Carbohydrates constitute a major class of macromolecules and play a critical role in cellular signalling, biomolecular interactions, protein structure and function.¹ These “glycans” are complex biomolecules composed of many different monosaccharides that are arranged in elaborate structures. In contrast to biopolymers with a linear sequence such as DNA and proteins, carbohydrate building blocks can be connected by various linkages resulting in branched structures with a complex stereochemistry. The range of glycan structures is considerable and even subtle differences can modulate protein function. Robust analytical strategies are essential to delineate glycan structure–function relationships and the need for rapid screening methods is particularly important in biotherapeutic drug design.² Considerable efforts have been made in developing techniques to routinely characterize individual structures in complex glycan mixtures with the majority being based on HPLC and LC-MS methodologies.^3–5 HPLC is desirable owing to its sensitivity and high-throughput capabilities, while LC-MS is information-rich providing retention time, precursor mass and fragmentation spectra that together can distinguish structural isomers. There are, however, intrinsic limits to both strategies mostly determined by the resolution and reproducibility of the separation or the lack of diagnostic fragments. The combination of ion mobility (IM) and mass spectrometry (MS) represents a relatively new tool for glycoconjugate analysis, but a fundamental understanding of how gas-phase glycan ions behave remains and is vital to fully appreciate the value of IM-MS for glycomics.

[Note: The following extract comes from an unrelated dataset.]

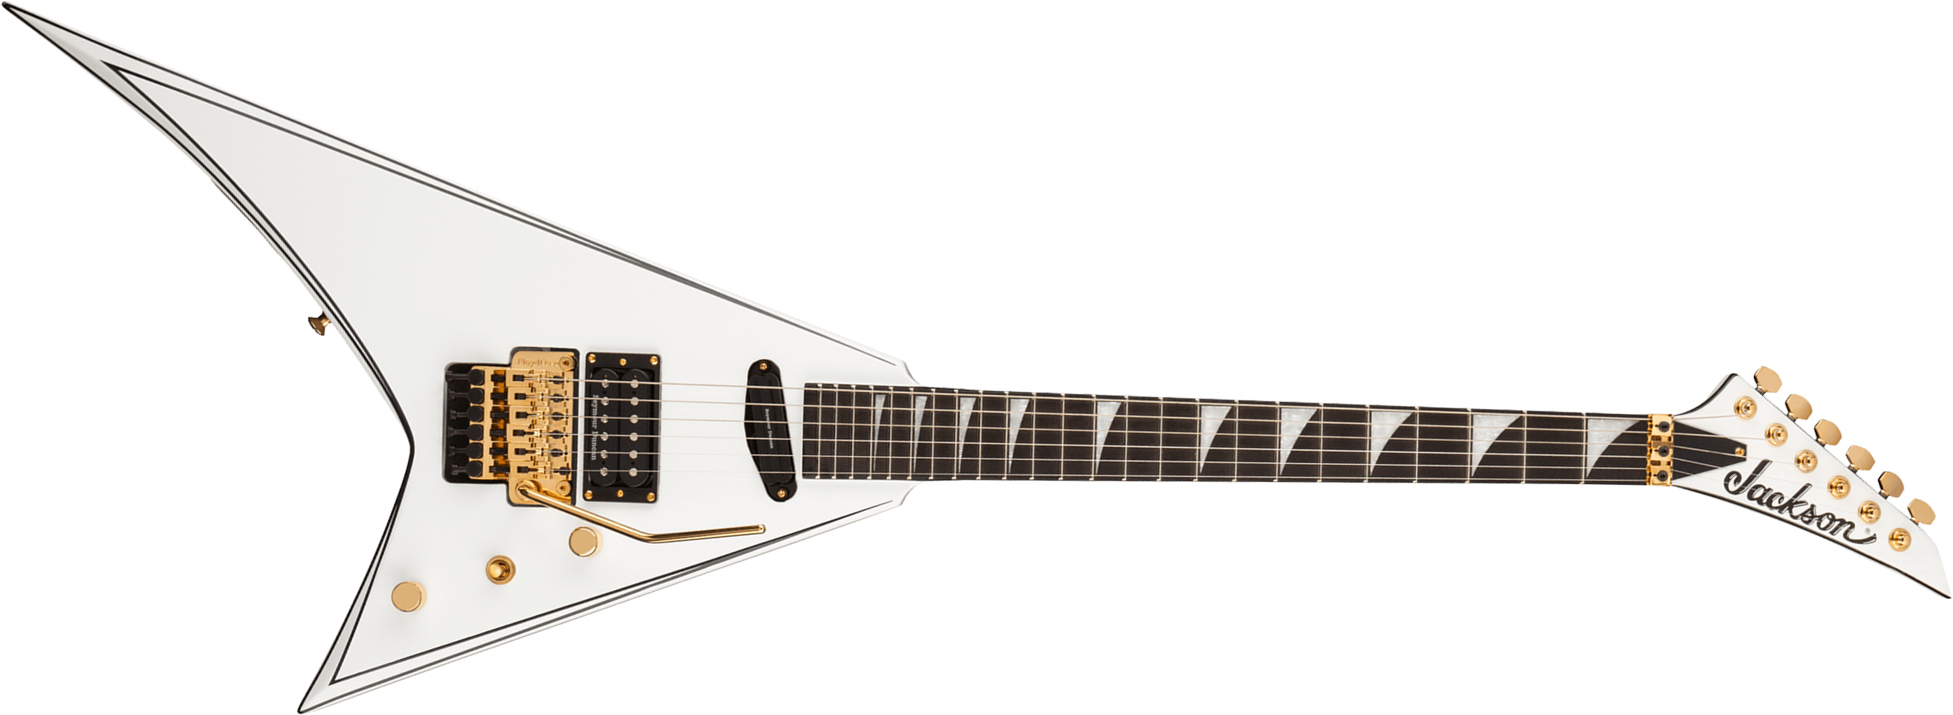 Jackson Rhoads Rr24 Hs Concept Hst Seymour Duncan Fr Eb - White With Black Pinstripes - Metal electric guitar - Main picture

IM separates ions based on the time required to traverse a region of inert neutral gas under the influence of a weak electric field. Separation is based on the physical size, shape, and charge of the analyte and, in conjunction with MS, reports a drift time and m/z value. Drift times can be used to calculate a collision cross section (CCS), which is an intrinsic value reflecting the rotationally averaged structure of the ion and is unique for each molecule. Theoretical CCS values can be determined using computational methods,^6–9 but there are limited examples for oligosaccharides. Previous IM-MS reports for glycan analysis were predominantly focused on ions containing metal cation^10–15 and/or anion adducts^16,17 The CCSs of such glycan adducts have been shown to be diagnostic in many cases, but the differences are not always sufficient to distinguish isomers in complex mixtures. We recently showed that separation of deprotonated synthetic trisaccharide isomers is possible by IM-MS,¹⁸ but the basis for the exceptional separation of [M − H]⁻ ions remains unknown. Here we systematically evaluate the impact of ionisation mode and adduct formation on the gas-phase structure of glycans by combining IM-MS and first-principles theory.

Our investigation is focused on the two human milk oligosaccharide (HMO) isomers lacto-N-hexaose (LNH) and lacto-N-neo-hexaose (LNnH). Both structures consist of the same six monosaccharides and differ only in the regiochemistry at the lower antenna, with the last galactose (Gal) residue linked to the penultimate N-acetylglucosamine (GlcNAc) via a β1,3 glycosidic bond in LNH and a β1,4 glycosidic bond in LNnH (Table 1). Such a minor structural difference makes it very difficult to separate and distinguish these isomers using established chromatographic techniques. The HPLC retention times of LNH and LNnH are identical when analysed separately (Fig. S1, ESI†). Similarly, tandem MS yield identical fragmentation patterns in both positive (Fig. S2, ESI†) and negative mode (Fig. S3, ESI†).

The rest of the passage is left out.